Transcribe the whole listing without a single picture.

INFORMATION SHOWN
::::::::

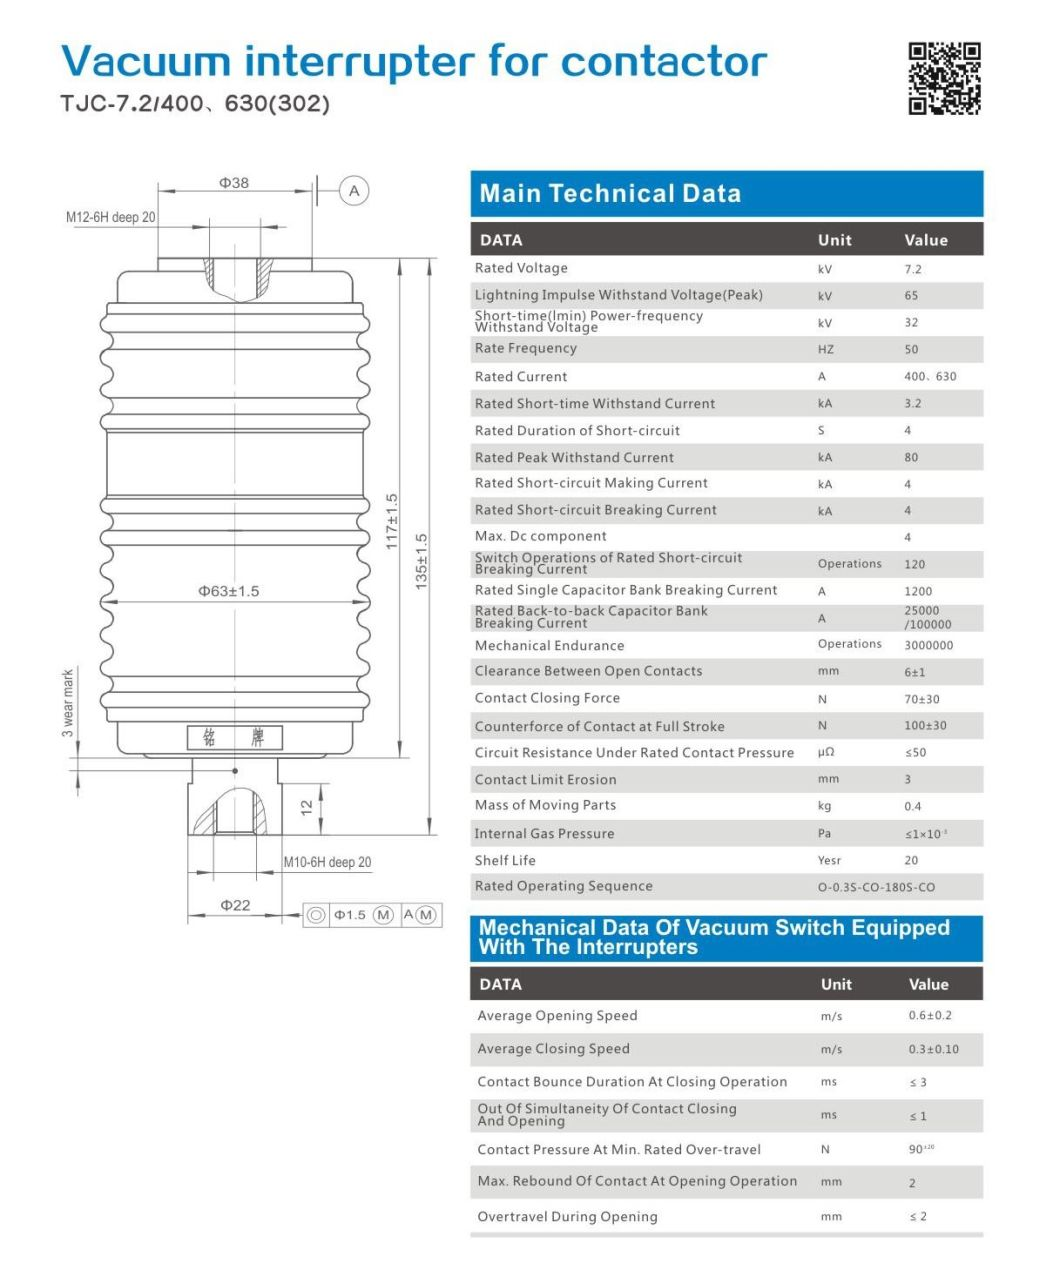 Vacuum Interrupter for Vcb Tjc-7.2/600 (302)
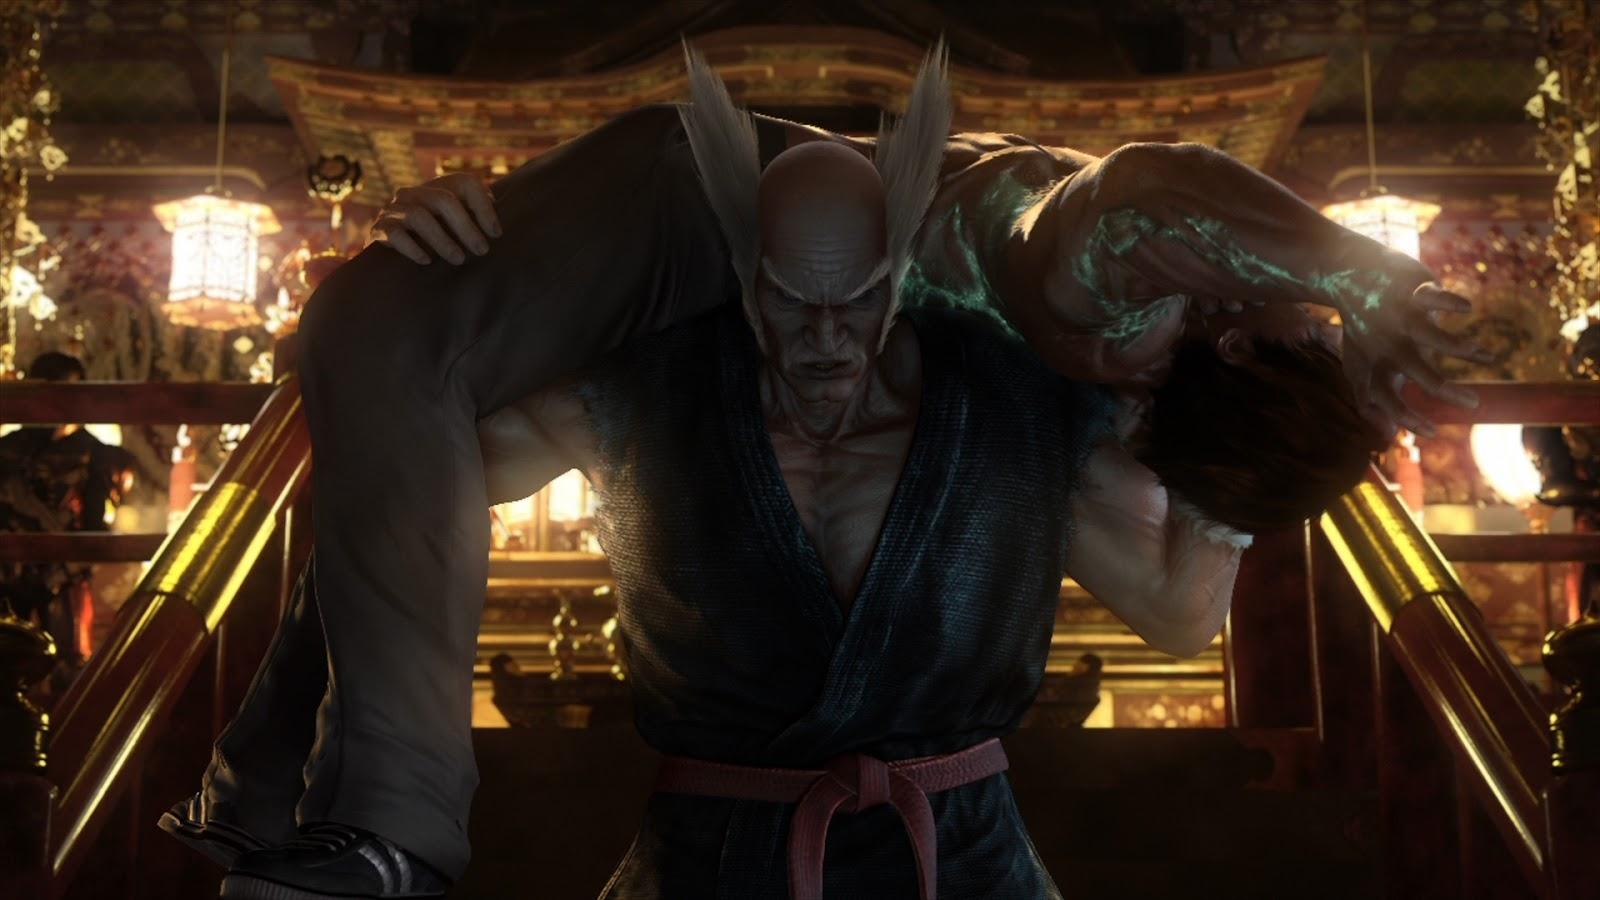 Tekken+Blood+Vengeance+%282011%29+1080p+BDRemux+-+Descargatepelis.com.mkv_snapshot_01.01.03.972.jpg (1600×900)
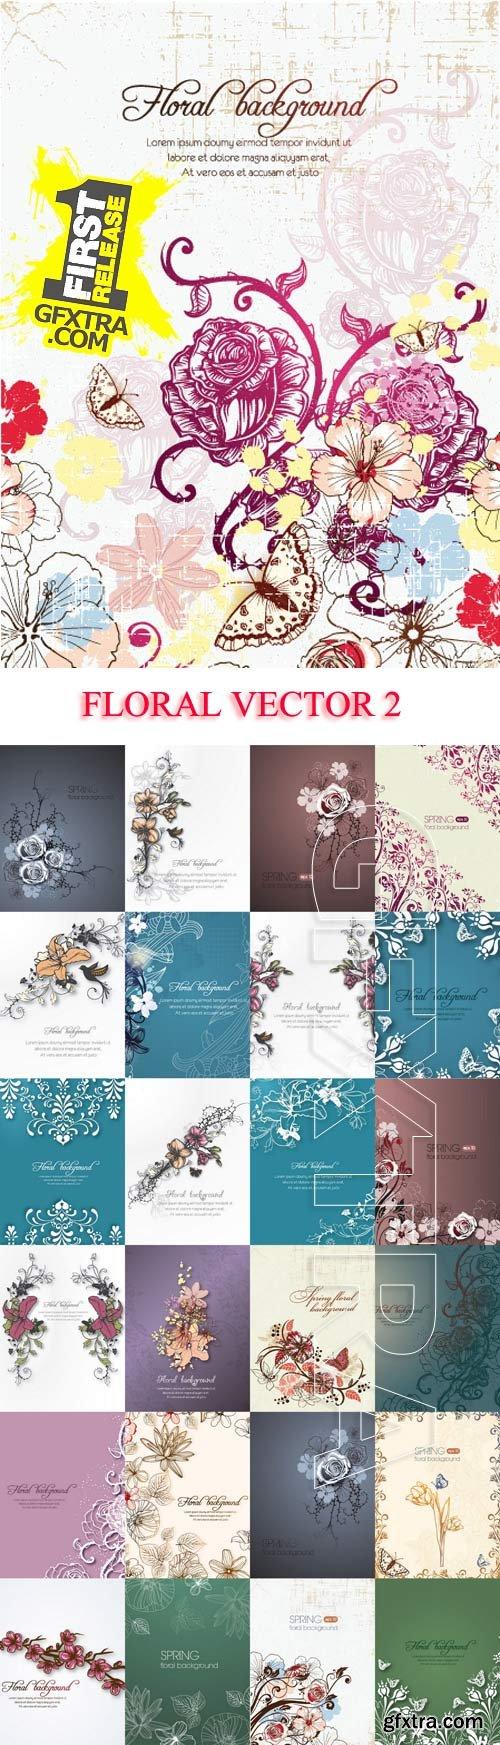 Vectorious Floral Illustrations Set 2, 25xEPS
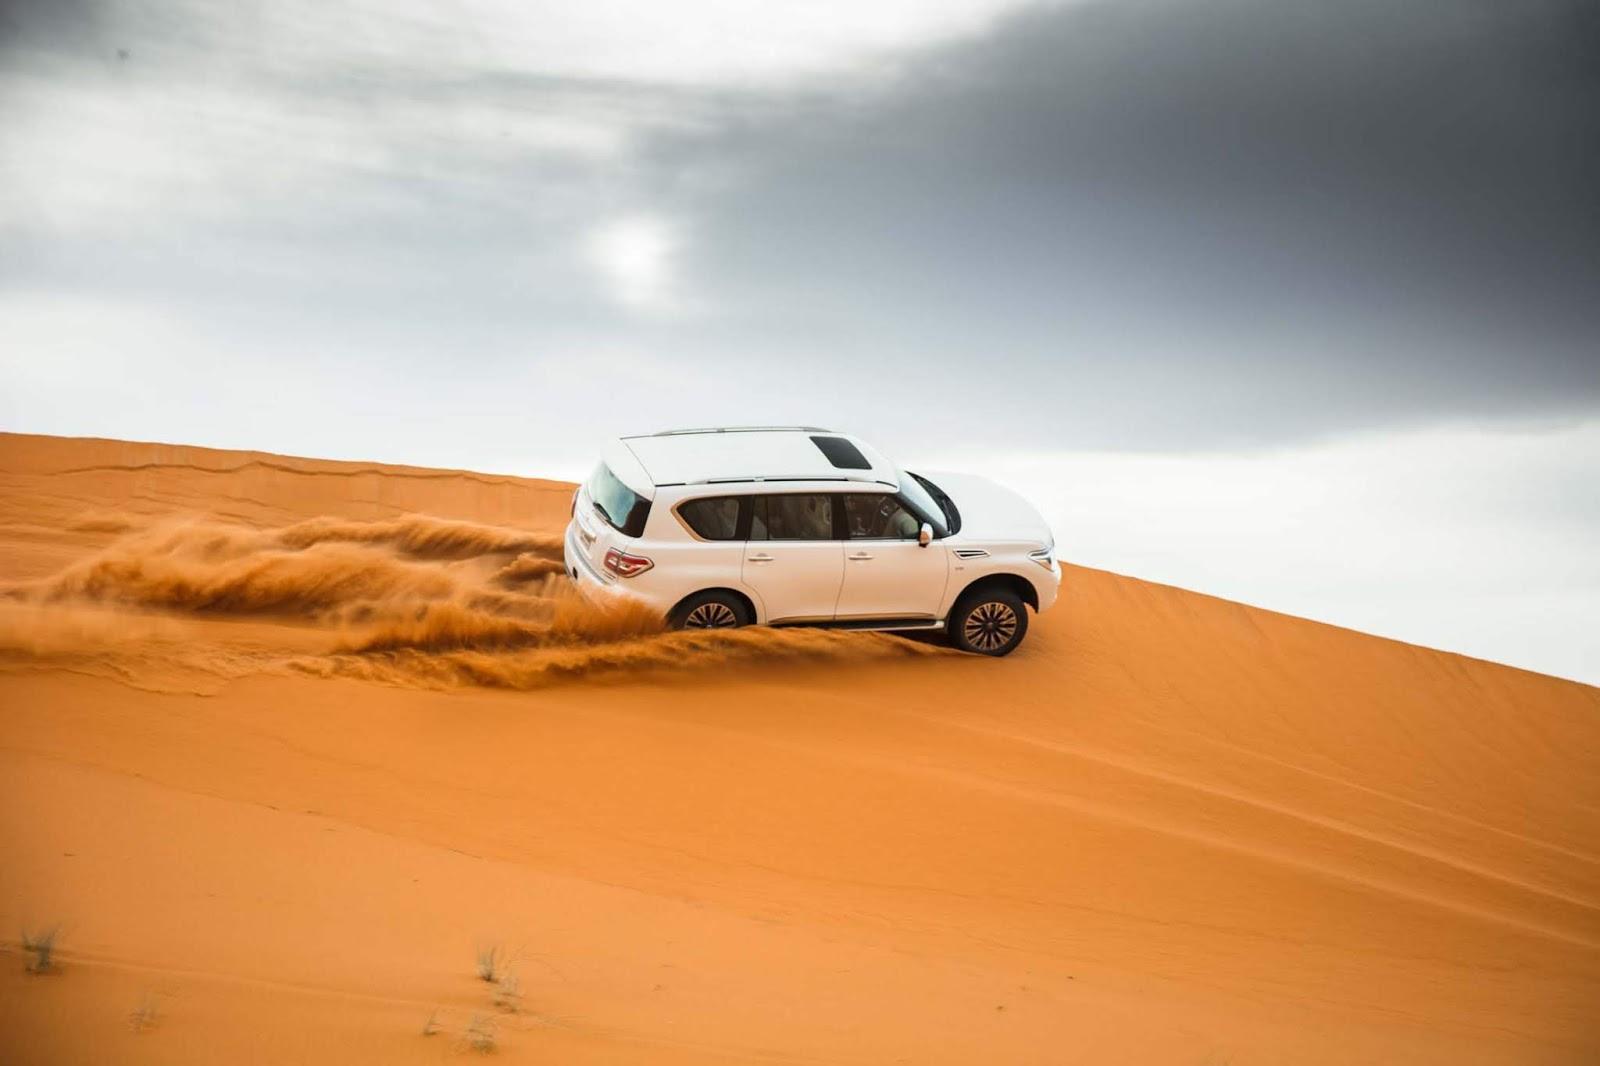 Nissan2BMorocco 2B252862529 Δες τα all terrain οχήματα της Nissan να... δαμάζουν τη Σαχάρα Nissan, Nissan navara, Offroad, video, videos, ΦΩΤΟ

::::::::

RESPONSE BOX
 Vacuum Interrupter for Vcb Tjc-7.2/600 (302)
 Tekken+Blood+Vengeance+%282011%29+1080p+BDRemux+-+Descargatepelis.com.mkv_snapshot_01.01.03.972.jpg (1600×900)
 Vectorious Floral Illustrations Set 2, 25xEPS
 Nissan2BMorocco 2B252862529 Δες τα all terrain οχήματα της Nissan να... δαμάζουν τη Σαχάρα Nissan, Nissan navara, Offroad, video, videos, ΦΩΤΟ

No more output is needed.